In Phase 2, 30 participants (15 HIV+ve) were interviewed in-depth. The sample was purposively generated and stratified by factors of influence including substance of misuse, psychiatric disorders, sex trading, IPV and risk behaviours to generate the maximum range of perspectives and experiences [20]. The sample size in each group was large enough for comparison and saturation, usually occurring around 12–15 interviews [21].
Procedure
Ethics Approval was Granted by the Institute’s Human Research Ethics Committee.

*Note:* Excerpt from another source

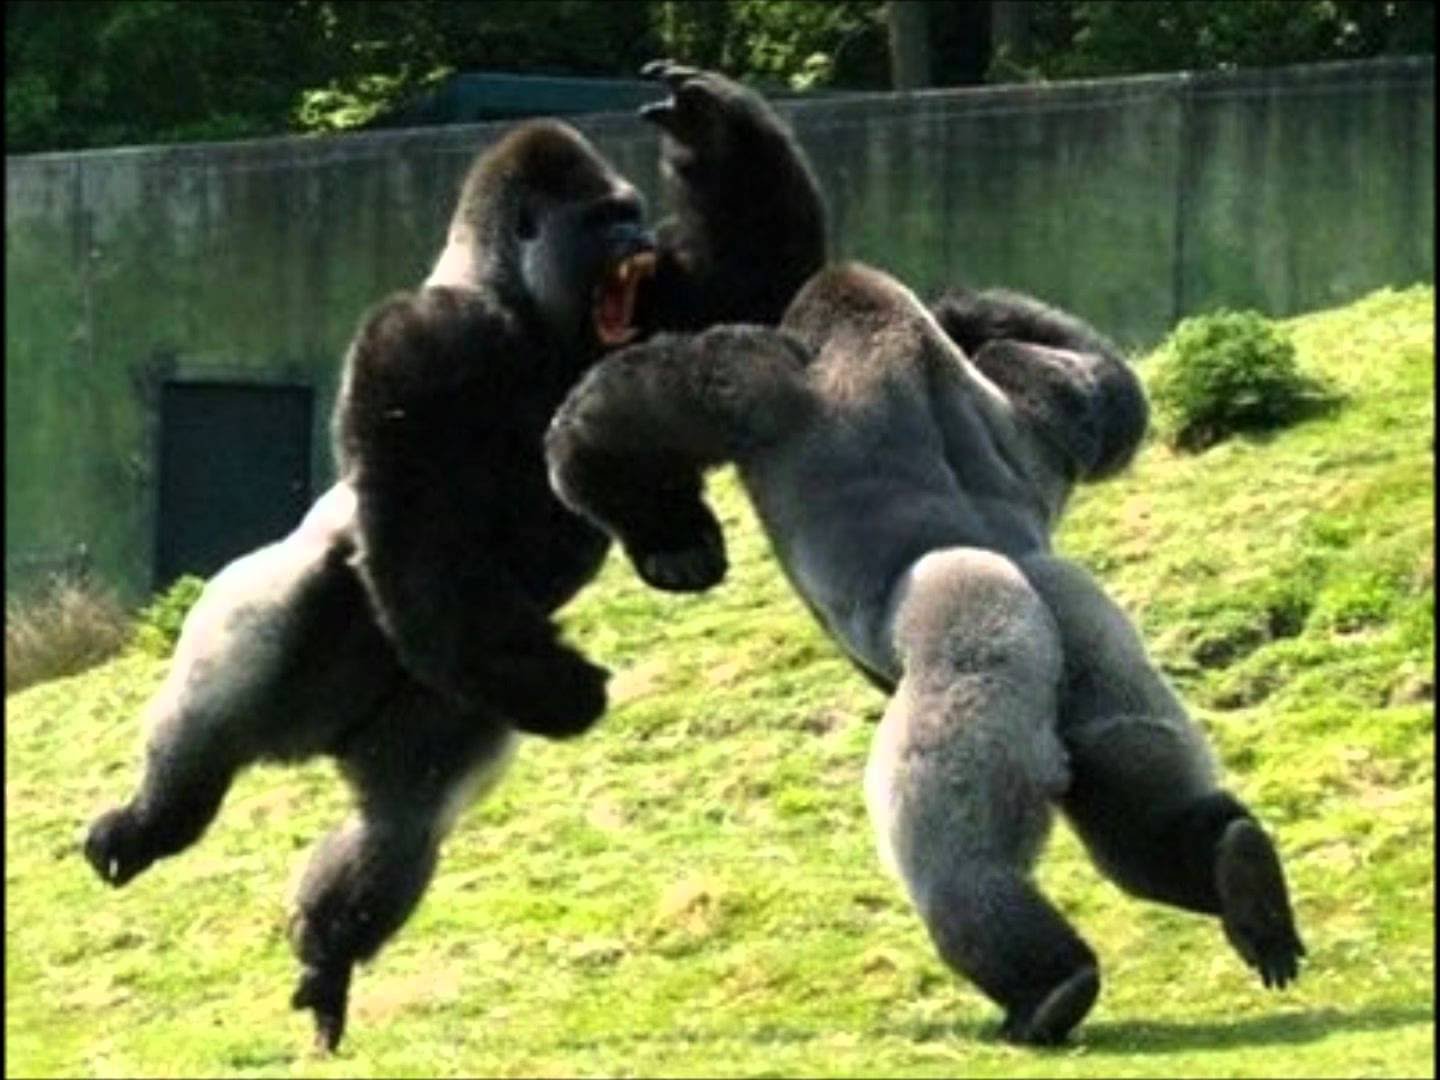 Animal Attack - Gorilla Fight

Eligible participants were approached by researchers in outpatient waiting rooms and via a non government organisation website. In addition, staff determined patients’ interest in discussing the study with a researcher. Participants were given a study information sheet that was explained by the researcher. Signed informed consent was sought from all participants for each study phase. Questionnaires and interviews were conducted in a private room by trained researchers. Participants recruited from outpatient services received a 20€ gift-voucher on completion of each phase.
Instruments
Substance use disorders, major depressive disorder (independent and substance-induced), post traumatic stress disorder, antisocial personality disorder and borderline personality disorder were diagnosed by trained researchers using the Spanish Psychiatric Research Interview for Substance and Mental Disorders (PRISM) [22], a reliable semi-structured interview developed to assess DSM-IV Axis I and Axis II disorders among substance users [22–24]. Lifetime disorders are reported. The PRISM differentiates between the expected effects of intoxication and withdrawal, and between independent and substance-induced disorders [25].
Seven personality dimensions: novelty seeking, harm avoidance, reward dependence, persistence, self directedness, cooperativeness and self transcendence; were assessed with the Spanish Temperament and Character Inventory-Revised [26].

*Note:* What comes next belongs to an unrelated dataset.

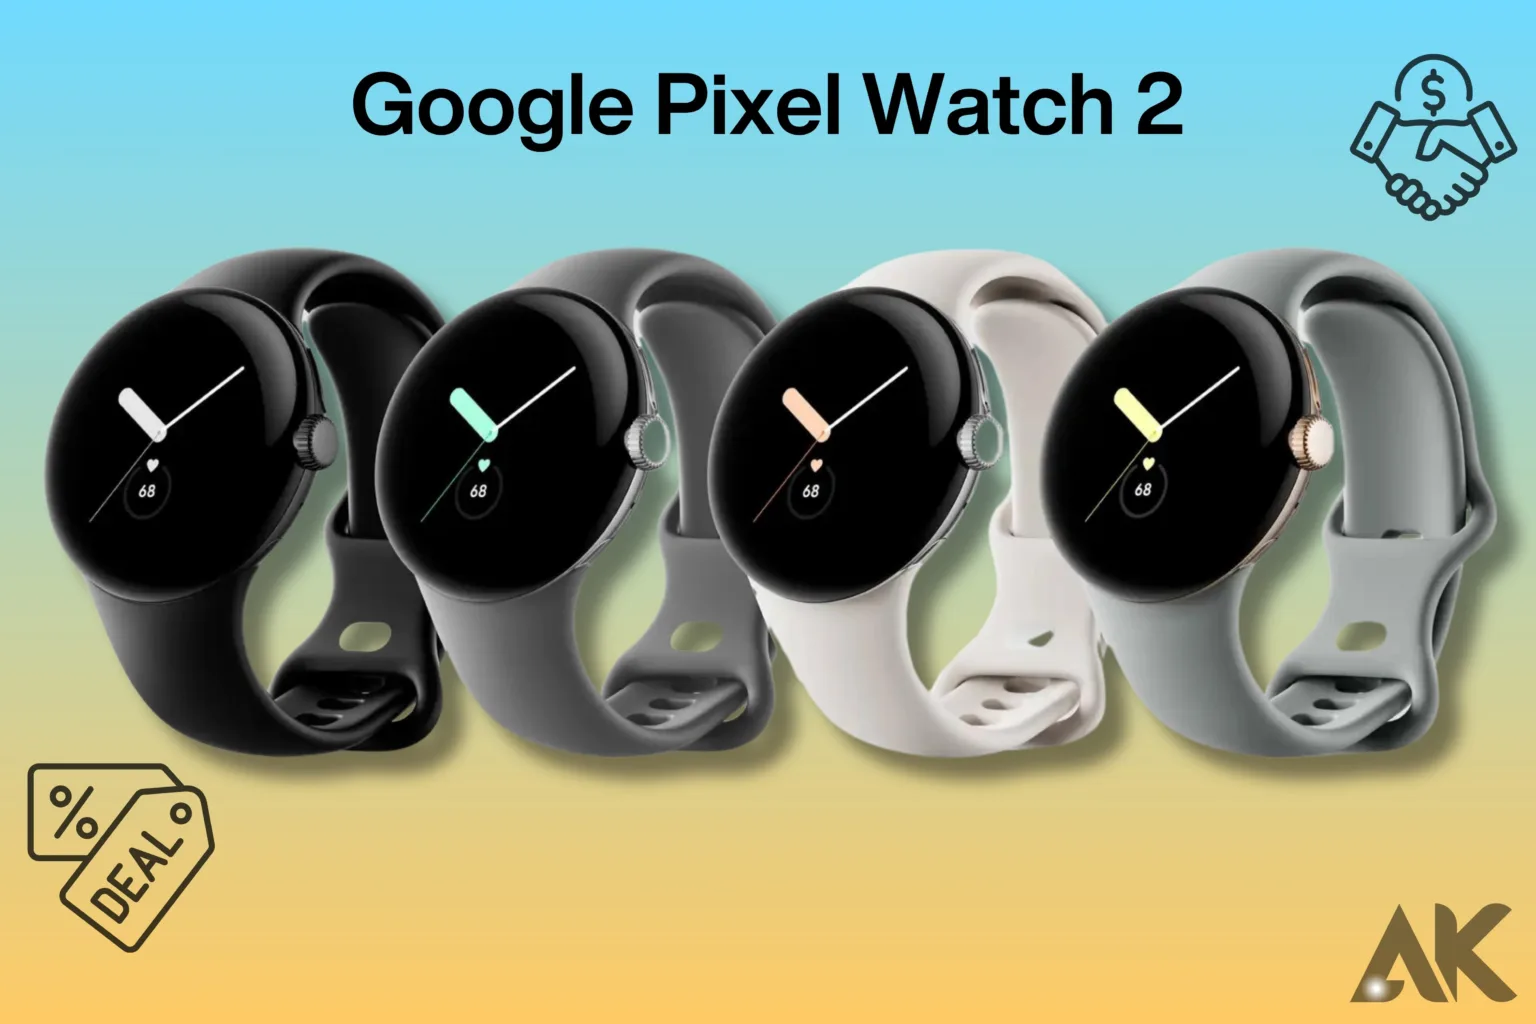 Google Pixel Watch 2 deals

Four dimensions of IPV: severe combined abuse, emotional abuse, physical abuse, and harassment were examined in the previous 12 months or in their previous relationship, using the 30-item Composite Abuse Scale [27]. Each item requires a response to the frequency of occurrence in the previous 12 months: “never”, “only once”, “several times”, “monthly”, “weekly” or “daily”. Good internal reliability has been demonstrated [28].

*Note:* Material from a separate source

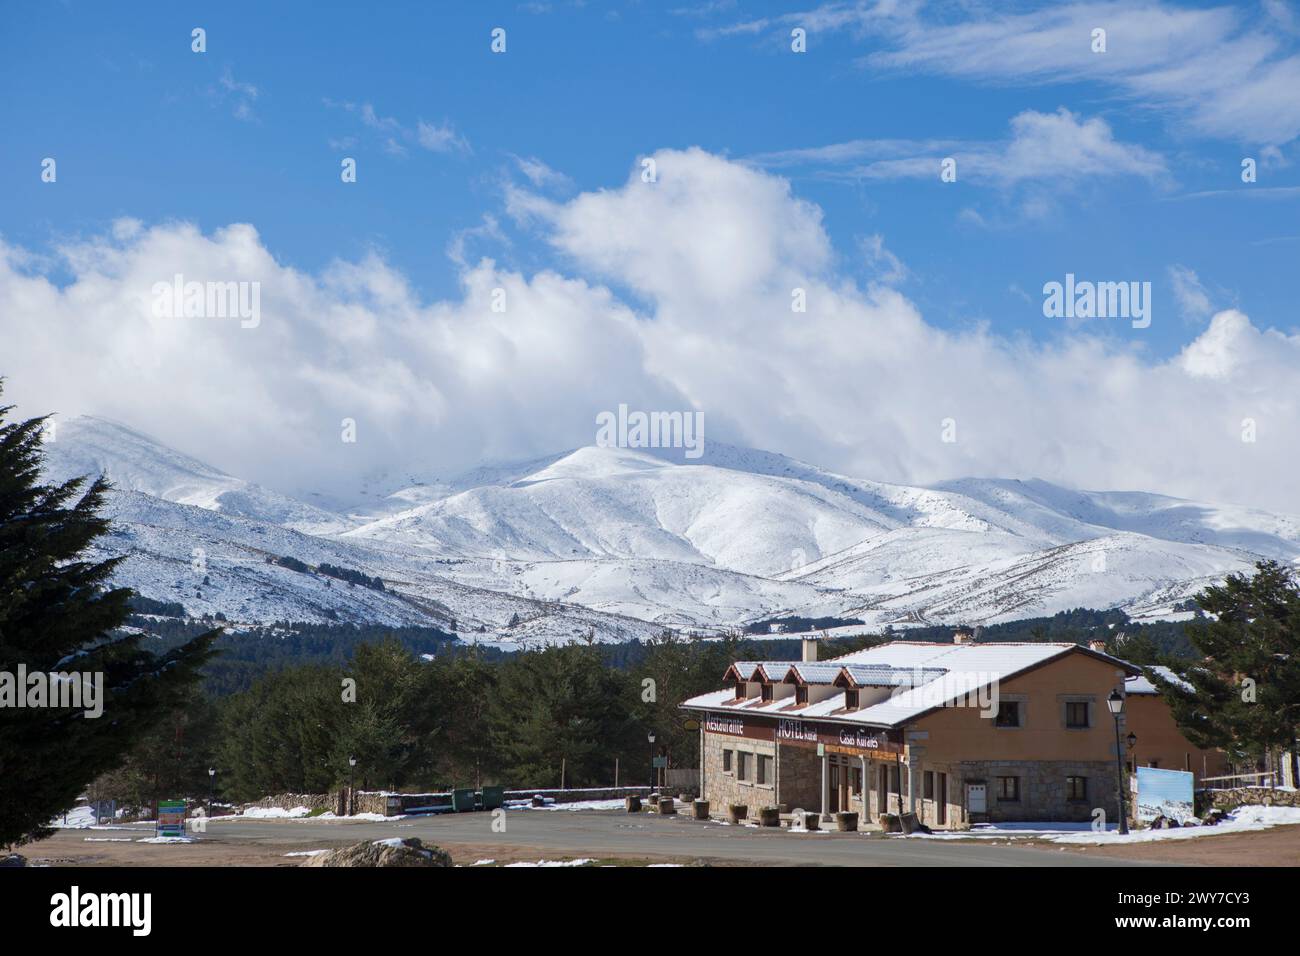 Tourist accommodations on the outskirts of town, Sierra de Gredos, Hoyos del Espino, Avila, Spain Stock Photo

General assertiveness was assessed using the 30-item Rathus Assertiveness Schedule [29]. Sixteen items are reversed to reduce response bias. Each item is rated on a 6-point scale, from −3 (very uncharacteristic) to +3 (very characteristic). Total scores vary from −90 to 90, with lower scores indicating lower assertiveness. High reliability and concurrent and predictive validity have been reported [30–32].
Initiation, refusal, and contraception-sexually transmitted disease (STD) prevention assertiveness were reliably assessed with the Sexual Assertiveness Scale for Women [33].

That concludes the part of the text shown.